• _RECORDED INFORMATION_
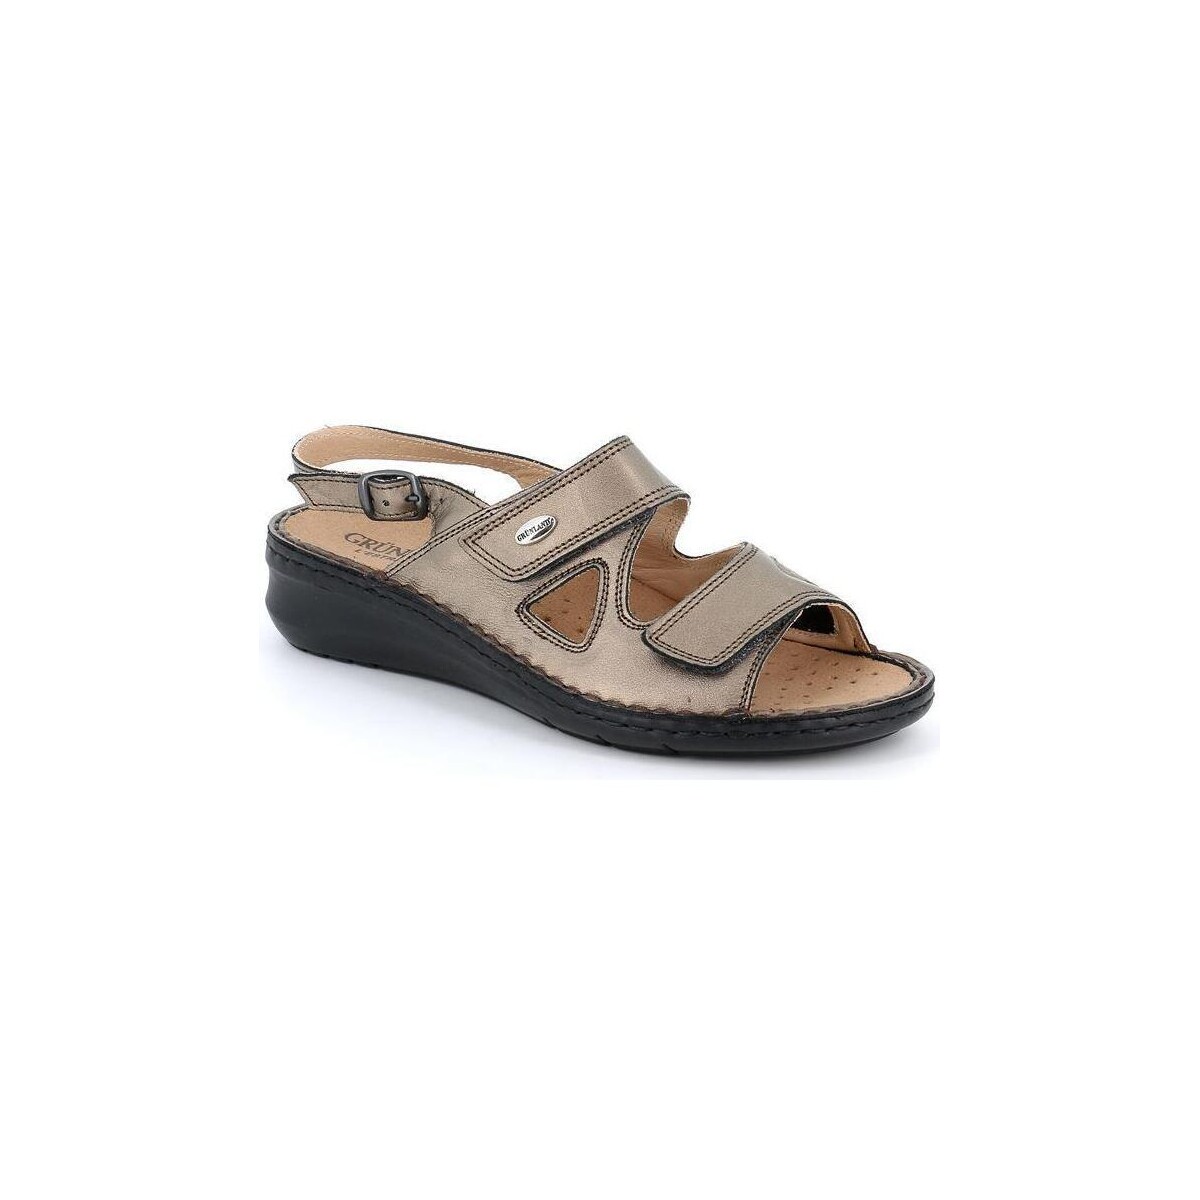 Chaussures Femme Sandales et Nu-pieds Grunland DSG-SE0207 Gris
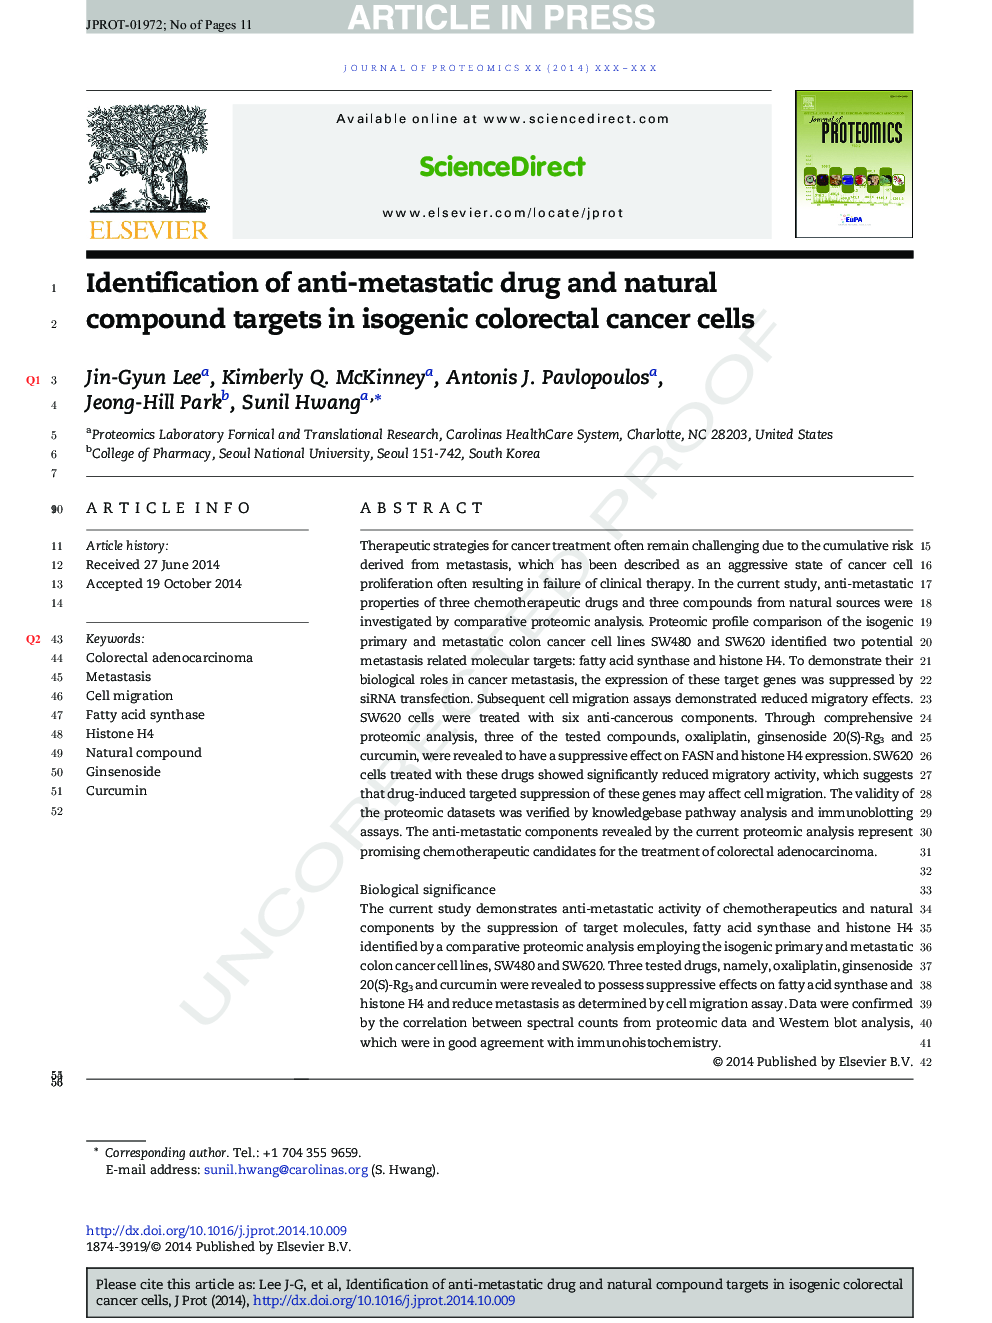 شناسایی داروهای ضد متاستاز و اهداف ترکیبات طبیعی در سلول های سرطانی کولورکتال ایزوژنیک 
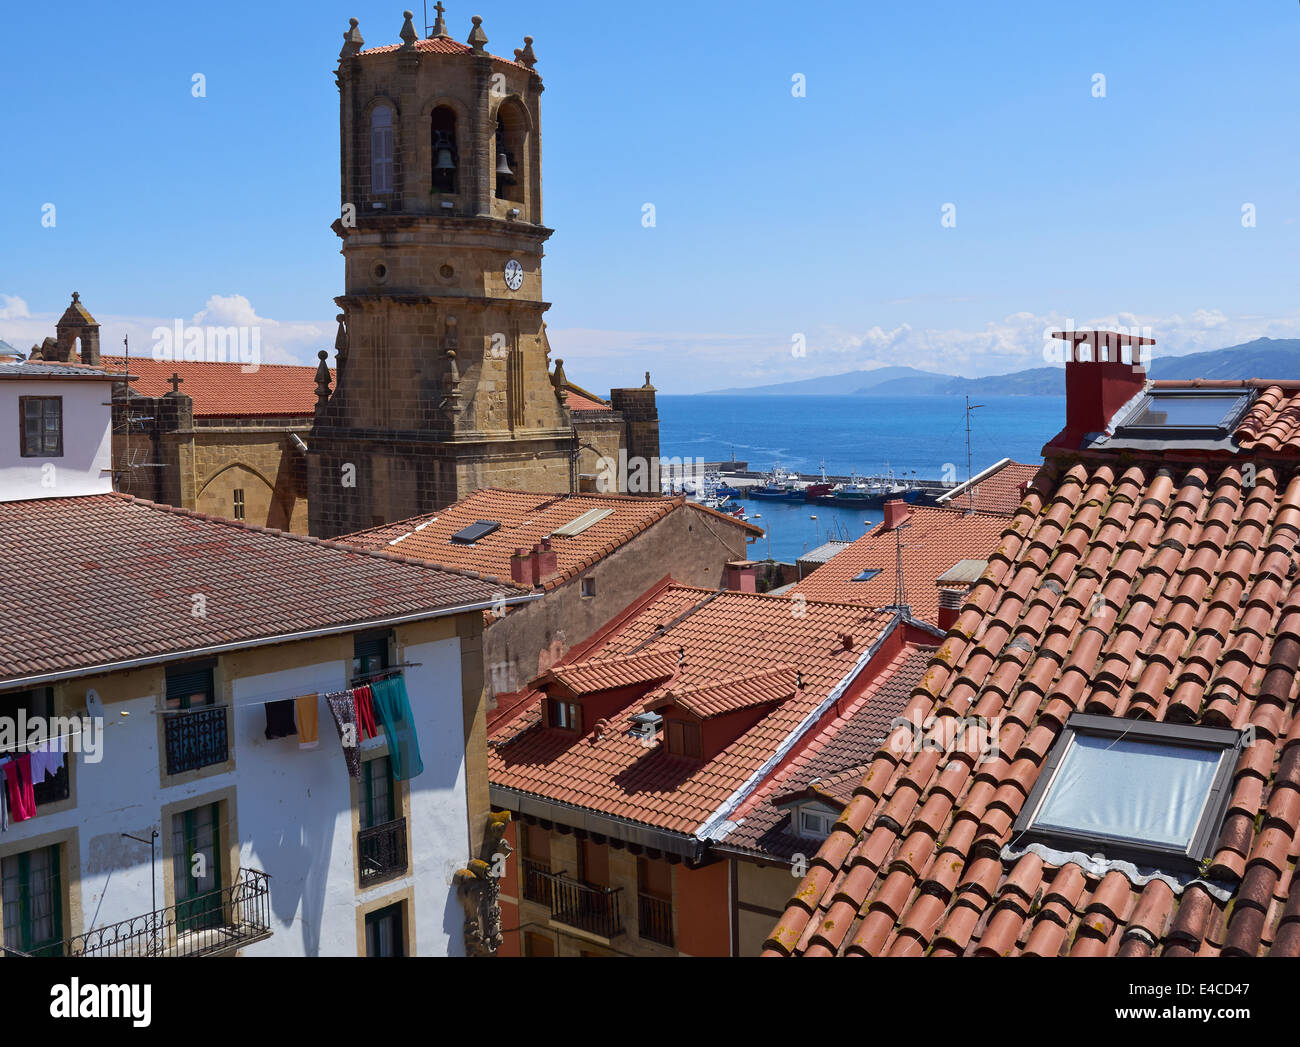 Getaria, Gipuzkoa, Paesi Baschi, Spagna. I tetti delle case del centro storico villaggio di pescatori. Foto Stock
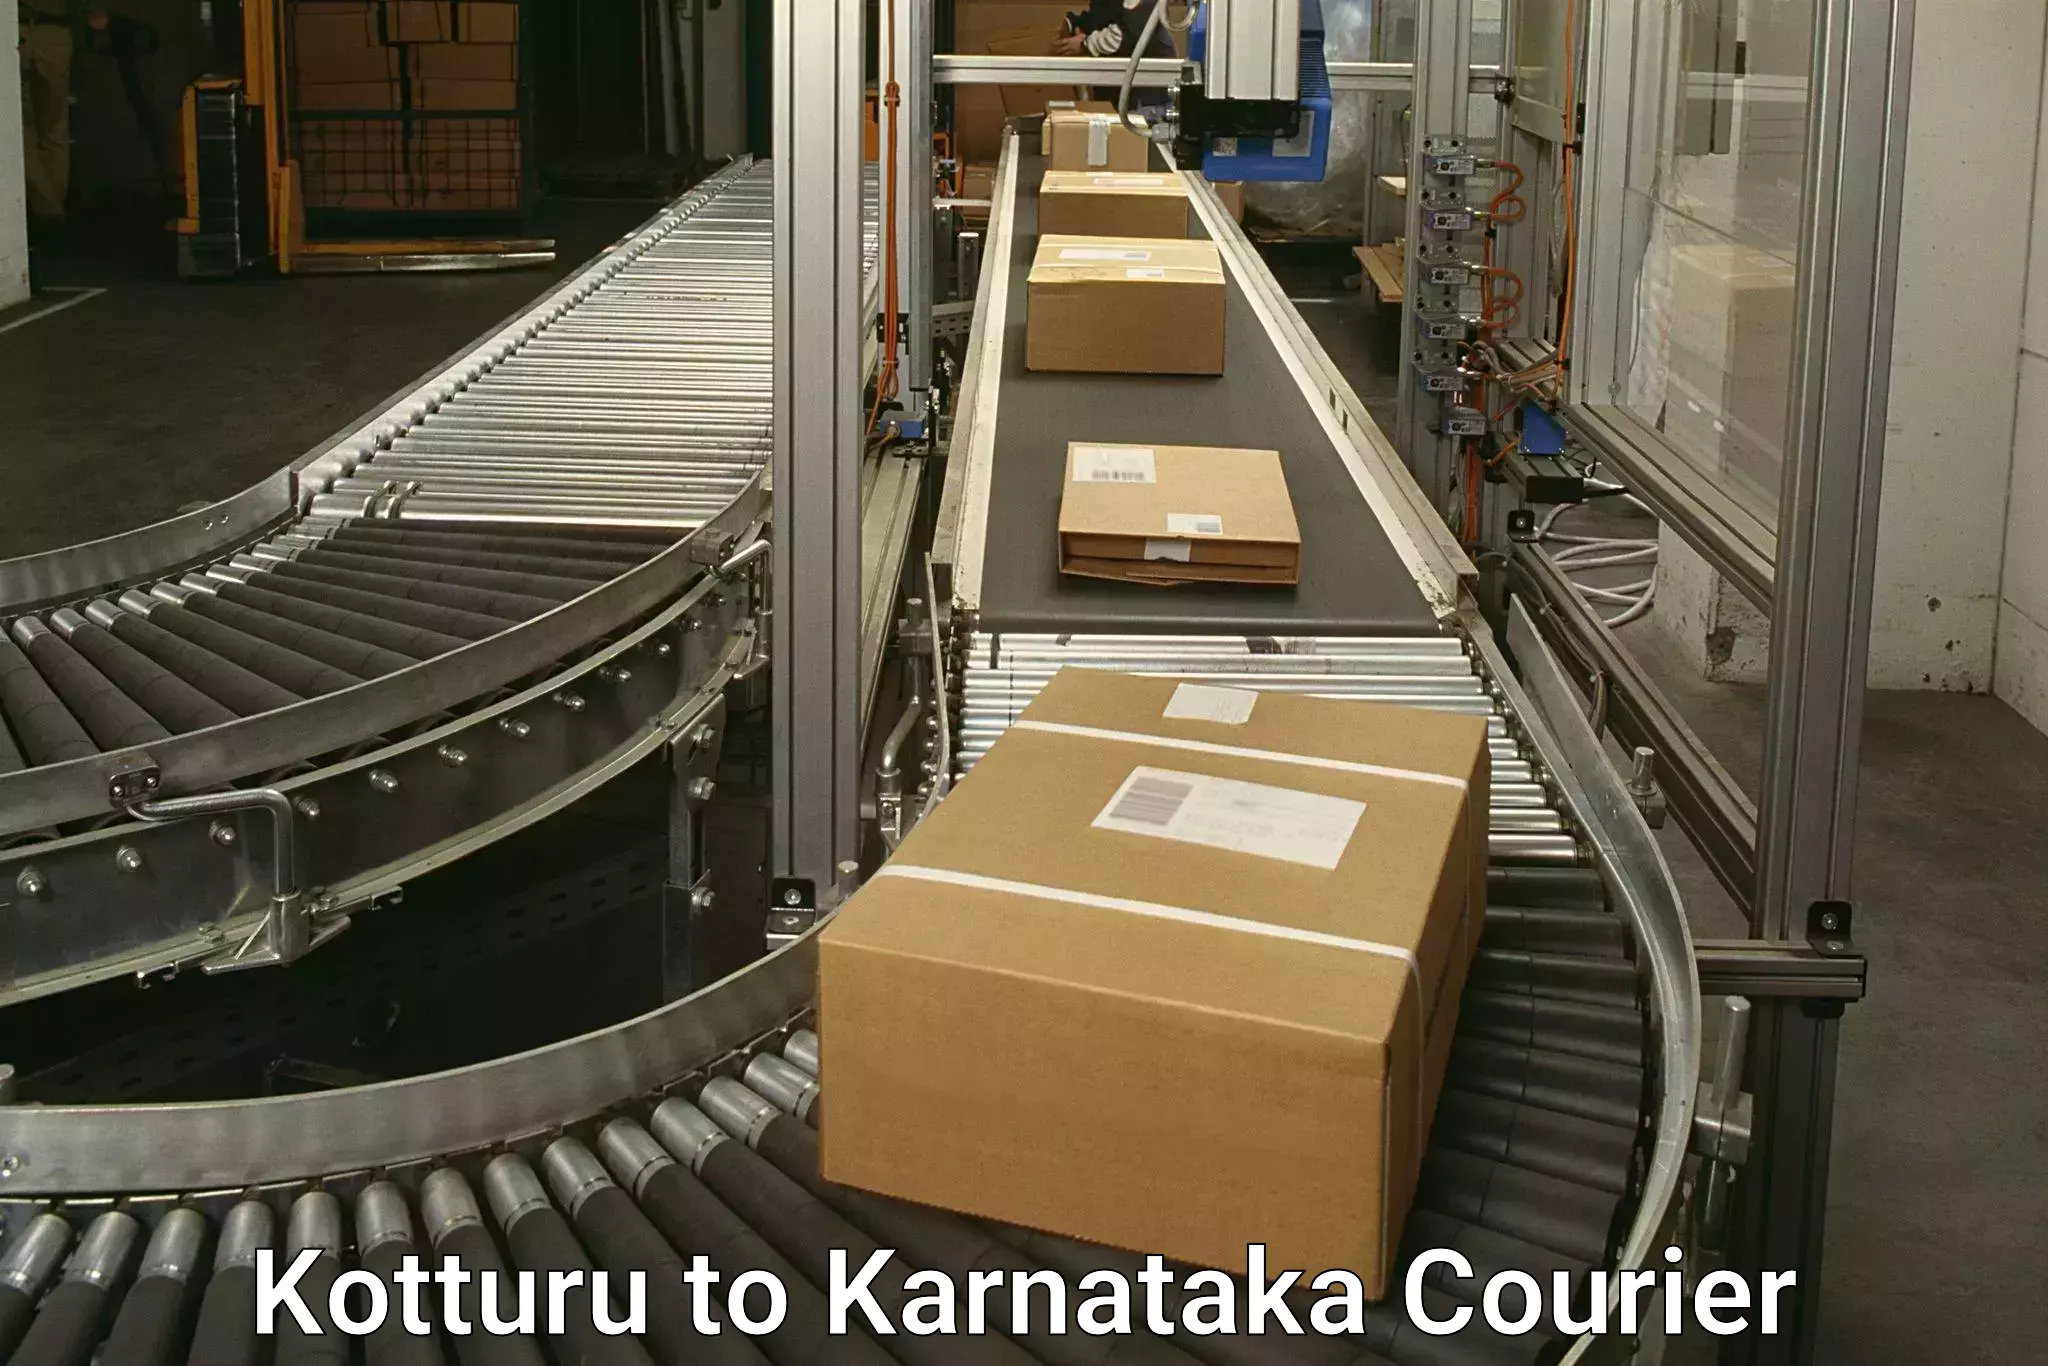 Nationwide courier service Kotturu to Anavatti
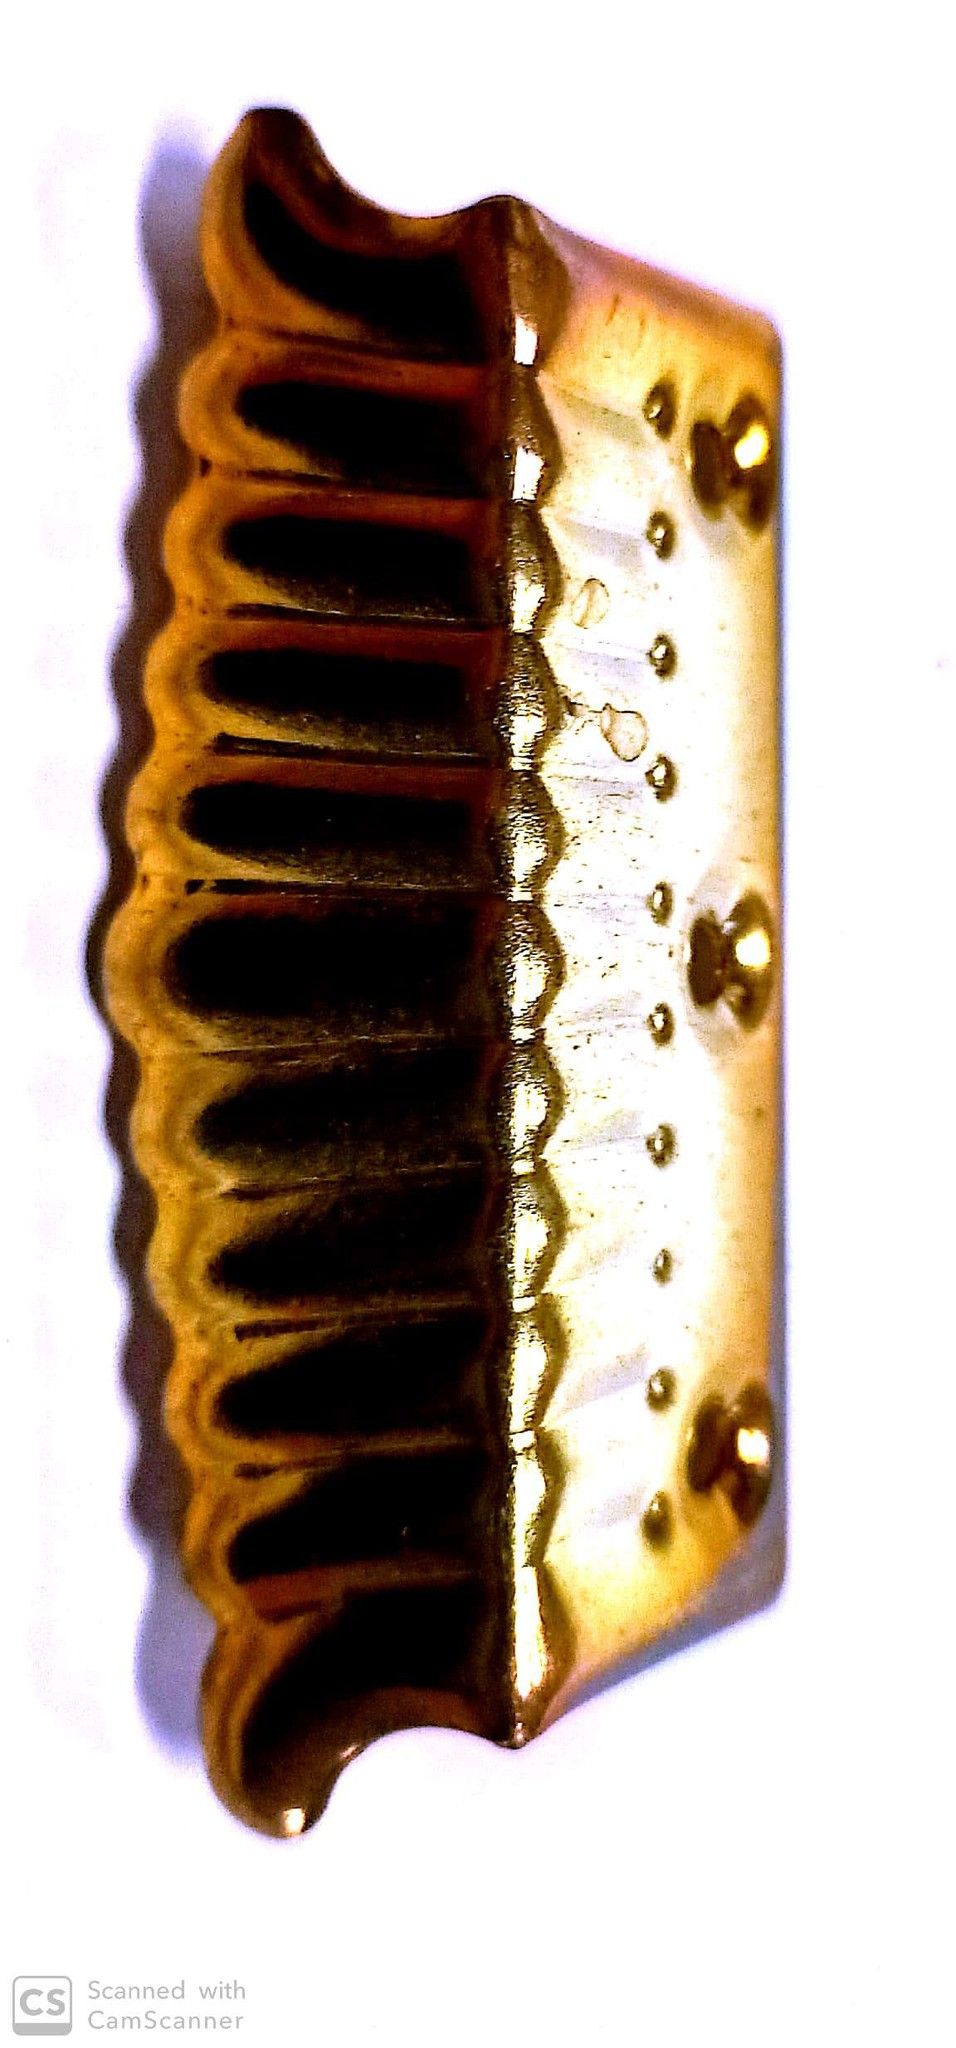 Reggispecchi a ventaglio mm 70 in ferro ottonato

• _EXERCISE_
What you give back must be the data above, reproduced exactly and free of pictures.

• _WRITTEN RESPONSE_
 Chaussures Femme Sandales et Nu-pieds Grunland DSG-SE0207 Gris
 شناسایی داروهای ضد متاستاز و اهداف ترکیبات طبیعی در سلول های سرطانی کولورکتال ایزوژنیک 
 Getaria, Gipuzkoa, Paesi Baschi, Spagna. I tetti delle case del centro storico villaggio di pescatori. Foto Stock
 Nationwide courier service Kotturu to Anavatti
 Reggispecchi a ventaglio mm 70 in ferro ottonato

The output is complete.